TBPTT: [0.003085378324612975, 0.004979943856596947]

Comparison¶

Compare the final validation metrics for both approaches.

In [10]:

Copied!

print(f"Standard (full BPTT):  {lrn_standard.validate()}")
print(f"Stateful (TBPTT):      {lrn_tbptt.validate()}")
print(f"Standard (full BPTT):  {lrn_standard.validate()}")
print(f"Stateful (TBPTT):      {lrn_tbptt.validate()}")

Standard (full BPTT):  [0.0029233989771455526, 0.009546232409775257]

Stateful (TBPTT):      [0.003085378324612975, 0.004979943856596947]

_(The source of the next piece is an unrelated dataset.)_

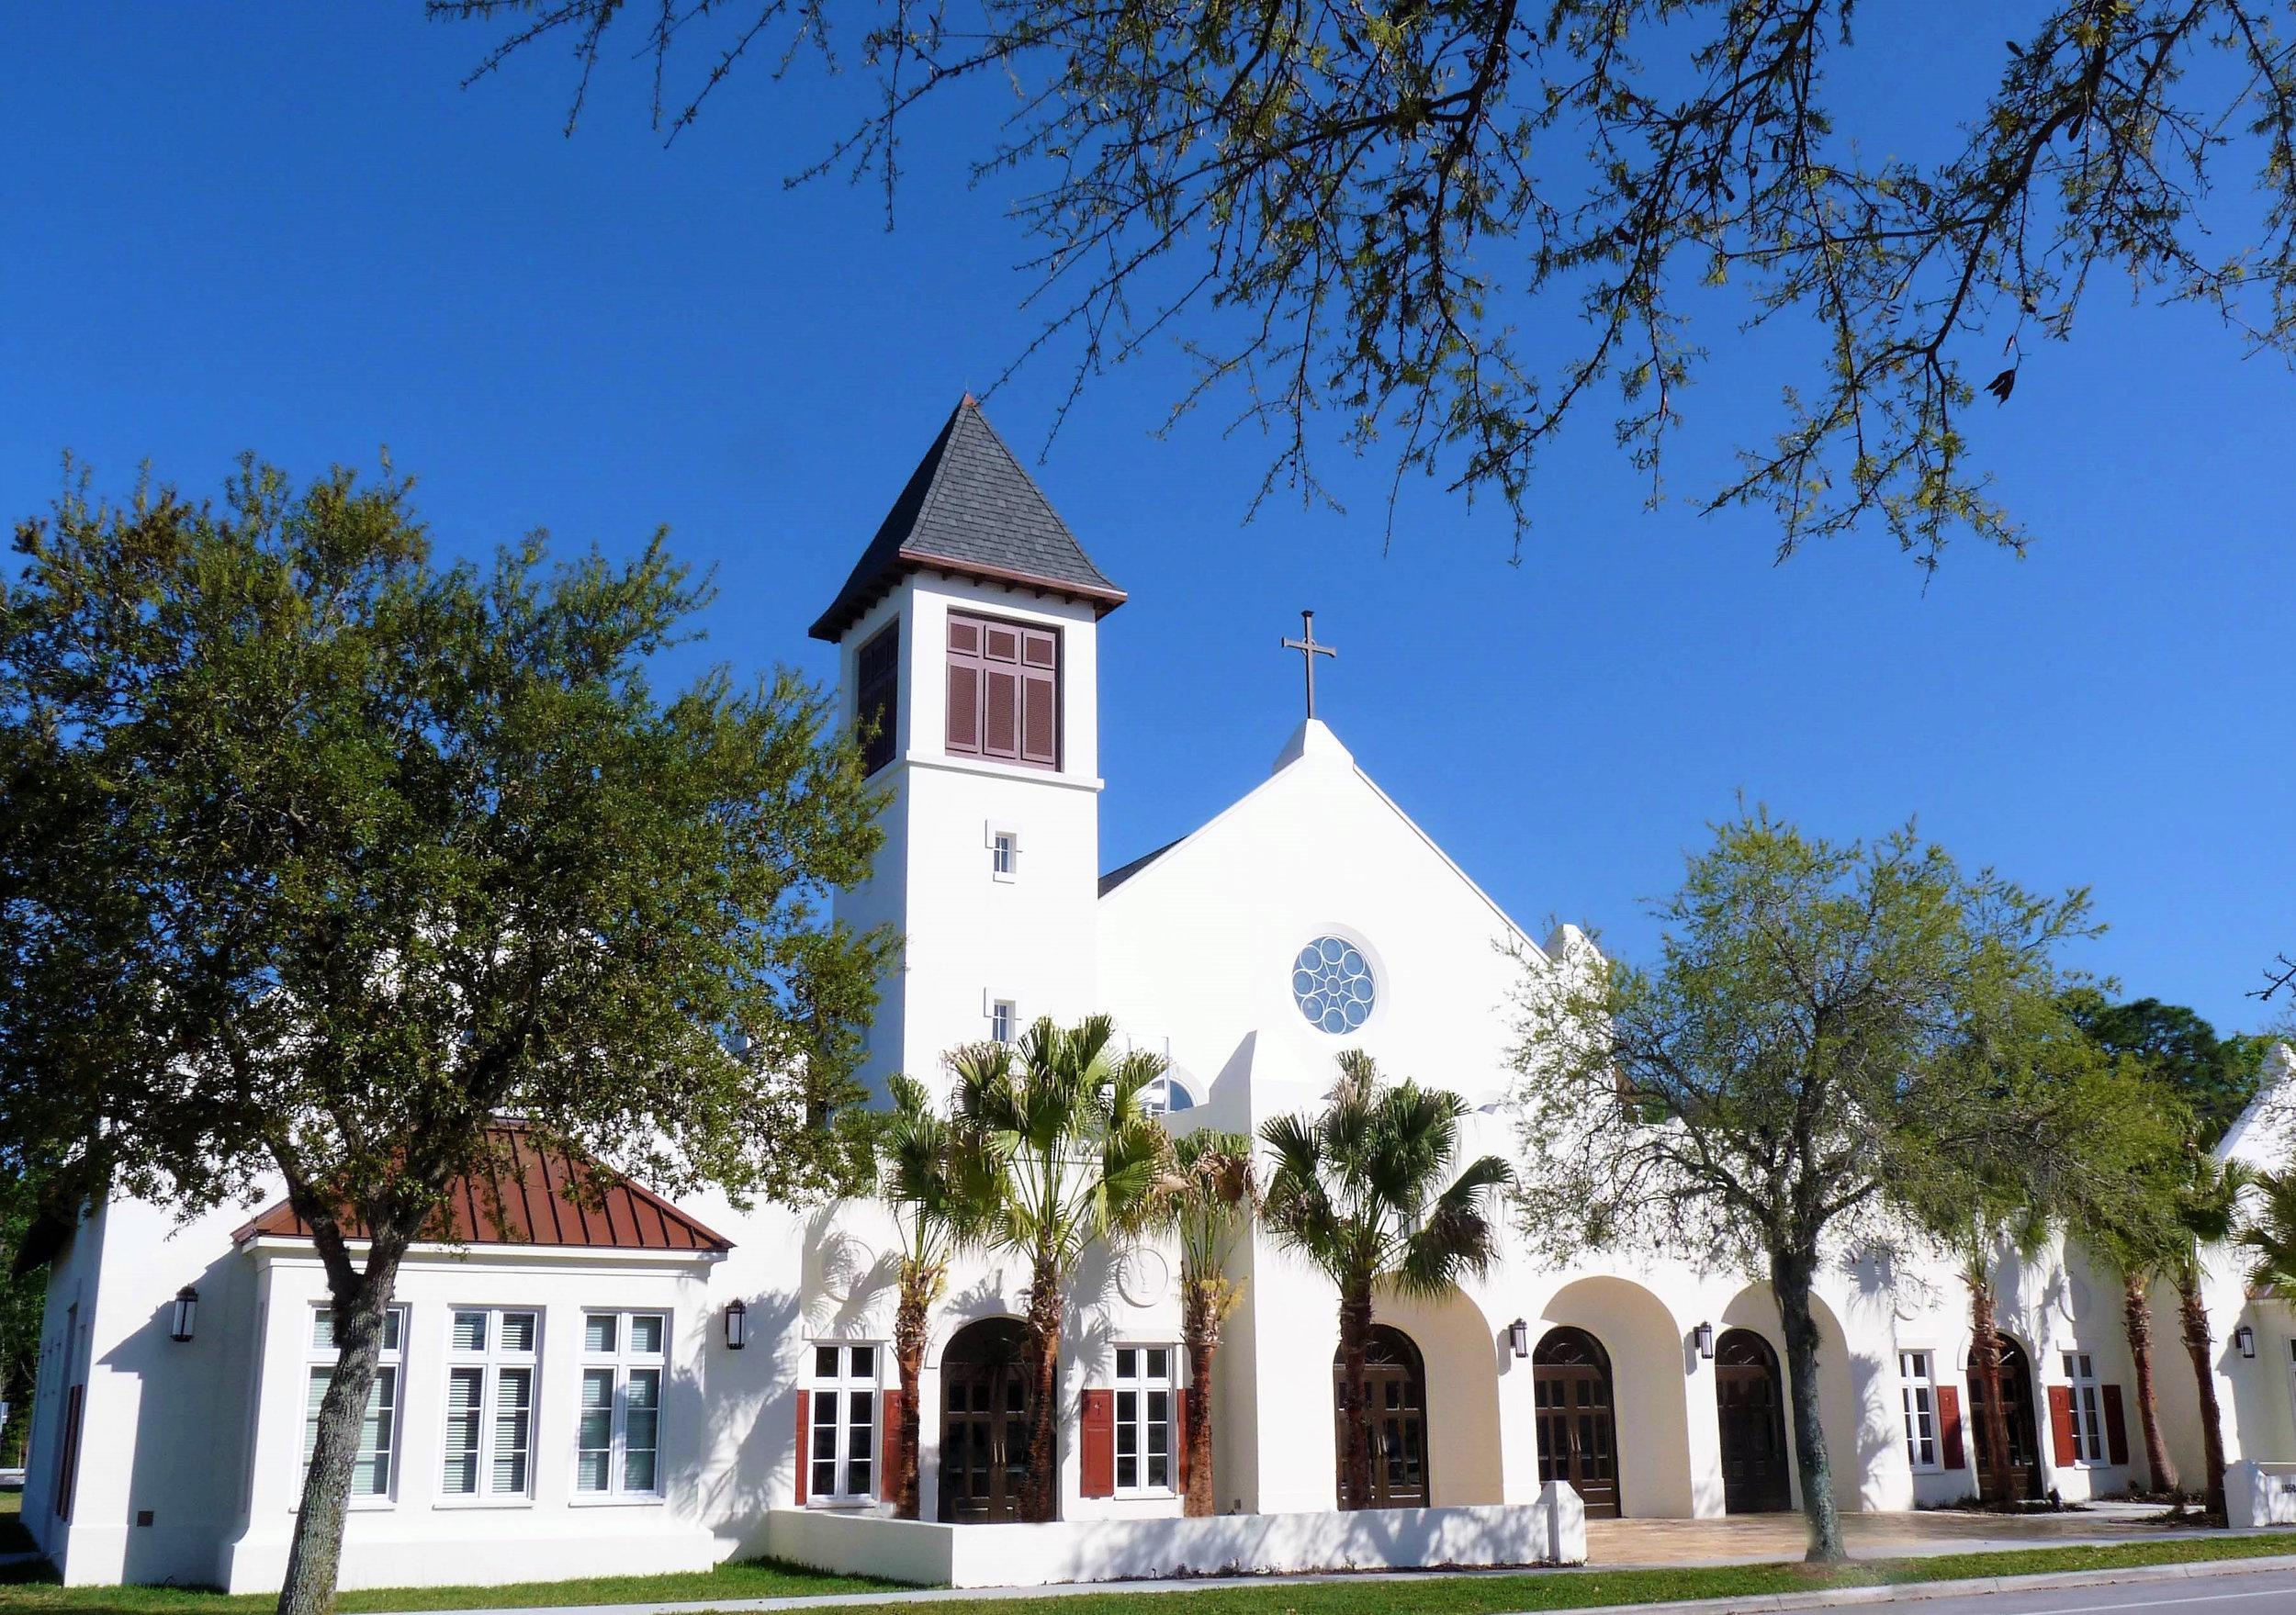 corpus christi church front angle med res.jpg

TBPTT may have slightly different loss because gradients are truncated at sub-window boundaries. However, performance should be comparable. The key advantage is memory efficiency -- TBPTT can handle sequences that would cause out-of-memory errors with standard training.

When to Use TBPTT¶

TBPTT is most useful when:

Sequences are very long (thousands of timesteps or more) and full backpropagation would exhaust GPU memory.
GPU memory is limited and you need to keep memory usage bounded.
The system has long-range dependencies that benefit from a large win_sz, but you cannot afford to backpropagate through the entire window.

For short sequences (under ~1000 timesteps), standard training is simpler and usually sufficient. The overhead of managing sub-windows and stateful hidden state is not worth the complexity for sequences that already fit in memory.

Key Takeaways¶

TBPTT splits long sequences into sub-windows with the sub_seq_len parameter on create_dls_silverbox (or any create_dls variant).
sub_seq_len in RNNLearner enables TBPTT and makes the RNN carry its hidden state across sub-windows instead of resetting to zero each time.
TbpttResetCB resets hidden state at sequence boundaries so different training samples do not bleed into each other. It is added automatically when sub_seq_len is set.
Gradients are truncated to sub_seq_len timesteps, bounding memory usage regardless of the full sequence length.
Hidden state spans the full sequence, preserving long-range information even though gradients are truncated.
Use TBPTT when sequences are too long for standard backpropagation to fit in GPU memory.